The first period, it's a very small proportion and in some ways that just makes it interesting. Why are these people different? What makes them start this large social movement that keeps getting bigger and bigger?

How are we going to do this? For this first period it's going to be very hard to do by oral history so we are going to have to bury ourselves in a library, look for these kinds of documents and try to learn as much as we can about the historical experience of these migrants as a people. In other words, in a sense, turn around completely and say, "Let's see if we can figure out something about African American social life and culture in the South in the nineteen-teens so we can understand the world from which these people came." So at that point, you do begin to try and figure out what's "typical."

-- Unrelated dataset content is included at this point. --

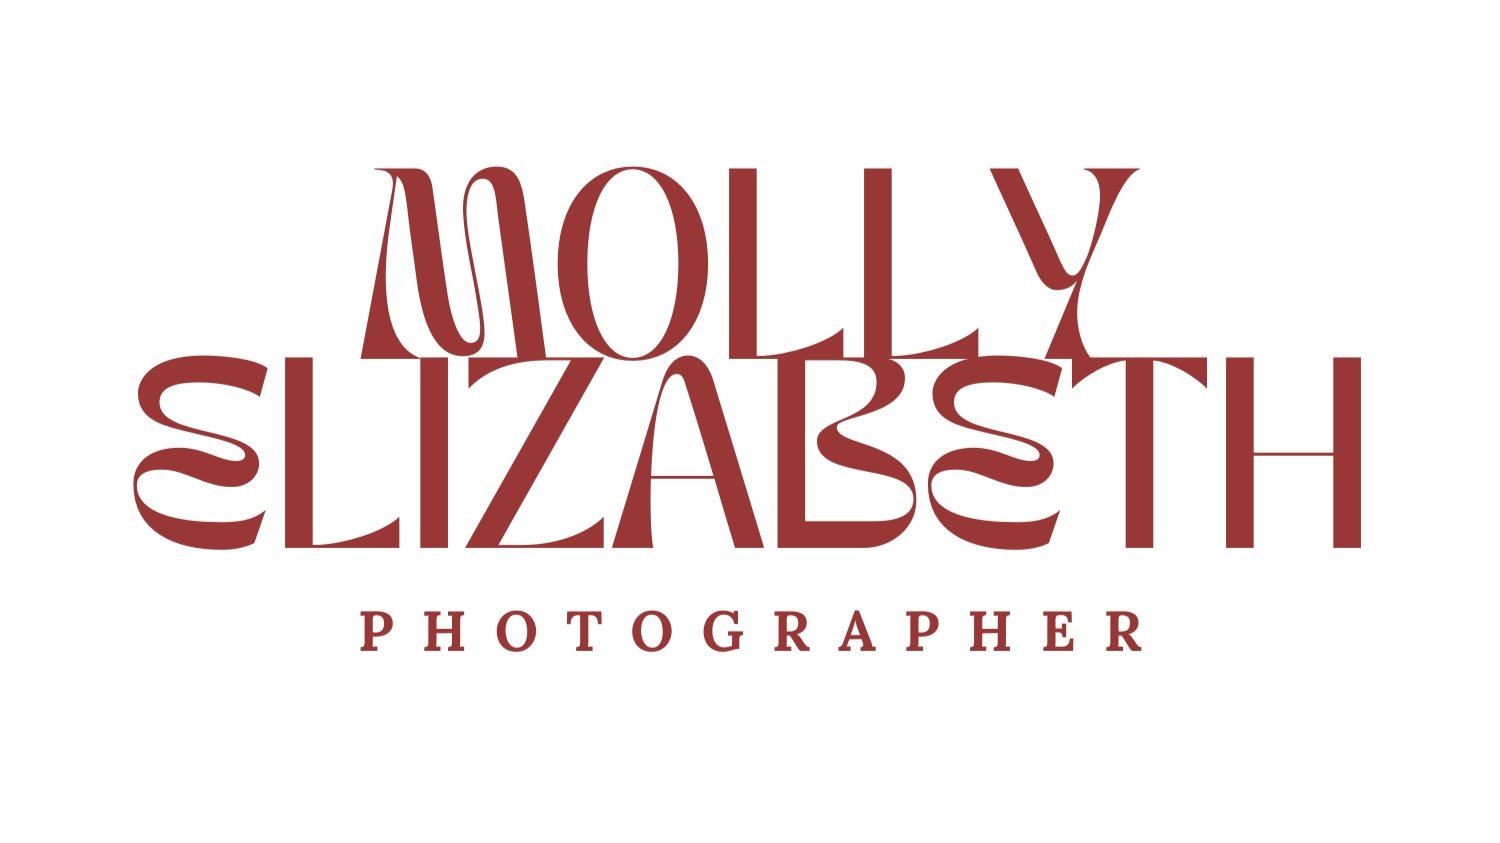 Molly Elizabeth

At the same time we try to figure out whether these particular people left behind documentation of their personal experiences, of their first-hand knowledge and their impressions. And that's where you go to things like letters, to sociological studies where people were interviewed, and we can find them. Then we try to weave this together with some kind of coherent narrative, some story, and again, this is something that's not impossible for students to do for things like History Fair papers, other kinds of projects, to take these kinds of documents for short periods of time and to try to weave together, in essence, a narrative of how people experienced and understood a certain process.

You could try to create this kind of narrative that encompasses a range of people, places, conditions that characterize this large process. So for example, going back to these letters, you start to ask some of the questions about the letter, trying to figure out who were these people, who wrote these letters, did people write them themselves, if people wrote them themselves then they must have been more literate than other people or did they have someone else write them?